Atrioc was apparently using a subscription service for the creation of deepfake pornography. Not only that, but it was revealed that the images he had purchased were deepfakes of other female streamers that he had known and collaborated with, including a streamer called Maya Higa and another whose alias is Pokimane.
Pokimane responded to the saga in a succinct tweet: “Stop sexualizing people without their consent.”
Higa, however, posted a longer statement that compared the deepfakes of her to a sexual assault she had endured in 2018, and which went to the heart of the nature of this new form of violation made possible by advances in AI.
“In 2018, I was inebriated at a party and I was used for a man’s sexual gratification without my consent,” she wrote. “Today, I have been used by hundreds of men for sexual gratification without my consent. The world calls my 2018 experience rape. The world is debating over the validity of my experience today. The debate over our experience as women in this is, not shockingly, amongst men. None of you should care or listen to what any male streamer’s ‘take’ is on how we feel.”
Higa said her primary interest has been in conservation work and raising money for a nonprofit animal sanctuary that she founded when she was 22 and had created no sexual content during her three years streaming on Twitch.
“Despite this, my face was stolen so men could make me into a sexual object to use for themselves,” she added. “If anyone doesn’t think it’s a big deal that MY NAME is in headlines where thousands of people are commenting on the sexualization of MY BODY against MY WILL, you are the problem. This situation makes me feel disgusting, vulnerable, nauseous, and violated — and all of these feelings are far too familiar to me. This is not your debate. Stop acting like it is.”
Atrioc, the streamer in question, published a written statement on Twitter apologizing for his actions: “First and foremost I want to specifically apologize to Maya and Pokimane. You were both in the screenshot that spread around the internet. Your names were dragged into it and you were sexualized against your will. You have both succeeded in this industry in spite of all the blatant unfounded sexist attempts to hurt or assassinate your character in a male dominated space. And now I’m another guy on that long list.”
He added that he would step away from streaming and fund the efforts of women working to take down pornography featuring them on the internet nonconsensually and excoriated supporters who tried to exonerate him on social media. In a tearful video on Twitch alongside his partner, he said that he was deeply embarrassed by his actions and that his actions were a one-off and did not represent a pattern of behavior. He said the category of behavior of creating and consuming deepfake porn was detestable. He described how his interest in AI had sparked an interest in deepfakes and how it had led to him clicking on ads for deepfake pornography that led to the incident.

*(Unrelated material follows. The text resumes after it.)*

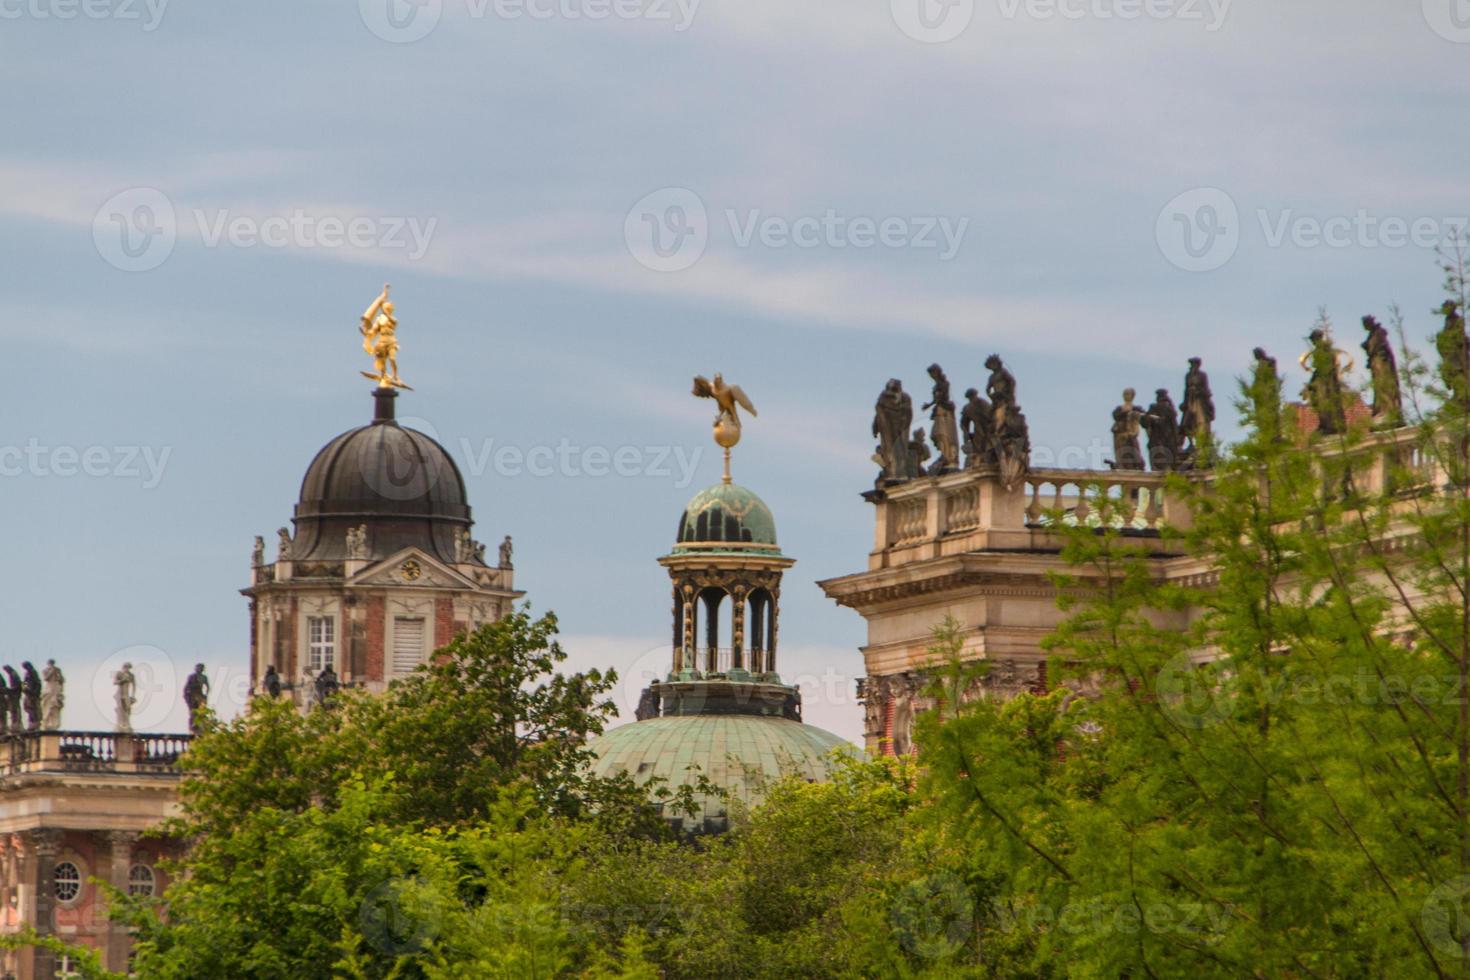 det nya palatset i potsdam, tyskland på Unescos världsarvslista foto

Atrioc’s case is one of a recent number of cases involving sexual harassment allegations among high-profile streamers that has pierced an industry that is male-dominated and whose audiences can often turn toxic toward women. Twitch streamer Mizkif, who has 2 million followers on Twitch and nearly 650,000 on Twitter, briefly stopped streaming and apologized after allegations that he had downplayed the experience of a female streamer who had been sexually assaulted.
But Atrioc’s case itself offers up one facet of the challenges presented by AI’s inexorable entrance into the mainstream of public consciousness and pop culture. As we meme about chatbots replacing journalists and question the accuracy of the data they spew back in response to our questions, a symptom of the misinformation and disinformation plaguing today’s internet, it is worth contemplating the other aspects of this confounding technology — the invention and proliferation of new ways to harass, assault, violate and victimize. As always, women will bear the brunt of it.